Re: Fritz-Duhan Follow-Up

Date: 2020-11-16 02:54 pm (UTC)
selenak: (Wilhelmine und Folichon)
From: [personal profile] selenak
Re: Charlotte, in addition to these things, what biases me against her is that she wouldn't take her other daughter, Elisabeth, back when Fritz offered this as an alternative to imprisonment post scandal. I mean, if Fritz comes off better at handling the next generation and/or behaving towards a woman.... Seriously though: this was before Elisabeth was transfered to the relatively okay exile/banishment to Stettin, this was when she was at Küstrin. I mean, Küstrin. If your daughter is at Küstrin, with all that implies in your family history and your brother writes that she only repayed her husband's infedelity in kind, and you still respond with "I don't want that whore anywhere near me", sheesh.

Now, to be fair: Charlotte also had undoubted good qualities. For starters, she had her shair of the family brains, what with translating Wolff into French on her lonesome (Fritz needed Suhm for that), and she was independently minded enough to keep an open mind about German literature and be curious about same (not just by hiring Lessing as a librarian), to the point where famously her and Anna Amalie's visit to Fritz inspired him to publish "De La Literature Allemande" as a counter argument because both ladies seem to have positioned themselves fervently pro German writings. Also, even in Wilhelmine's angry description of Charlotte's behavior in 1732 she mentions Charlotte used to be her favourite sister back in the day, and Fritz generally sounds positive about her both in second hand testimony (i.e. those Austrian reports on "Junior") and in his letters.

Then again: Yes, as far as I recall, Charlotte joined the "how could you?" club re: the MT lunch. I also don't recall her doing anything during the year of AW's disgrace, either. And other than Ulrike, Charlotte really had the best, safest position of any of the sisters from which to take a stand. All of which leads me to the conclusion that she was probably good company on a social level, but that her instinct was to cater to the given authority on the top, and to discard you if you lost any political advantage, so as an ally, she was only of questionable value, hence my somewhat cynical speculation that her help for Fritz and Duhan came with the awareness that Fritz was the future King.
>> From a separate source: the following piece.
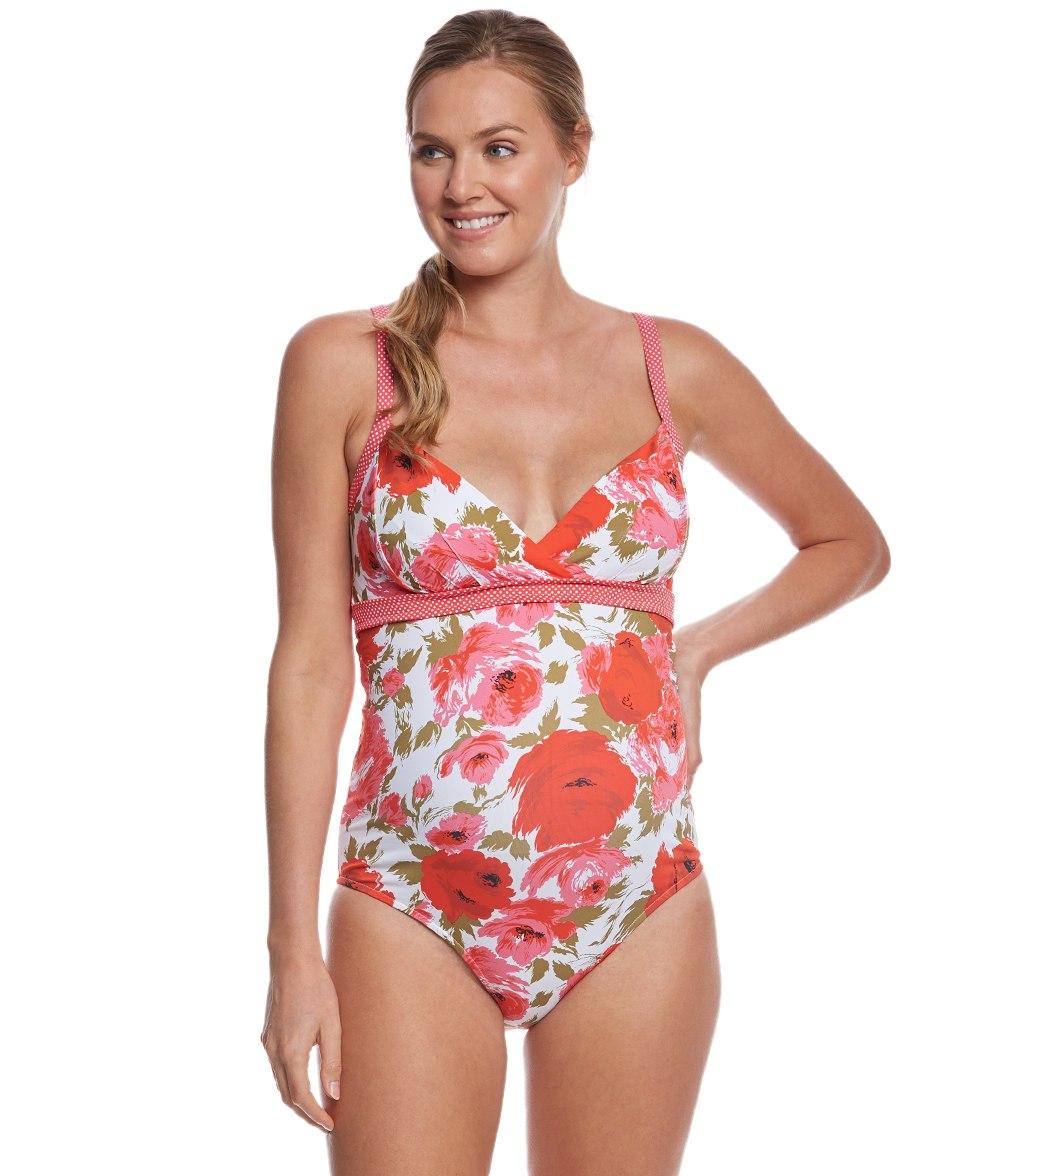 c5bea79968 ... Pez D'or Maternity Montego Bay Floral One Piece Swimsuit. Play Video.  MODEL MEASUREMENTS

Predestination: could be, but yes, teenage Fritz wasn't subtle about whom he liked and didn't like. Given how much FW was attached to the idea of himself as a beloved father and how very insulted he was that his oldest children didn't give him the feeling that he was this, AND given FW's explicit instructions during the Küstrin year to give Fritz the idea everyone, including his mother, didn't love him anymore and had forgotten all about him, I'm going with paternal jealousy as a primary motive.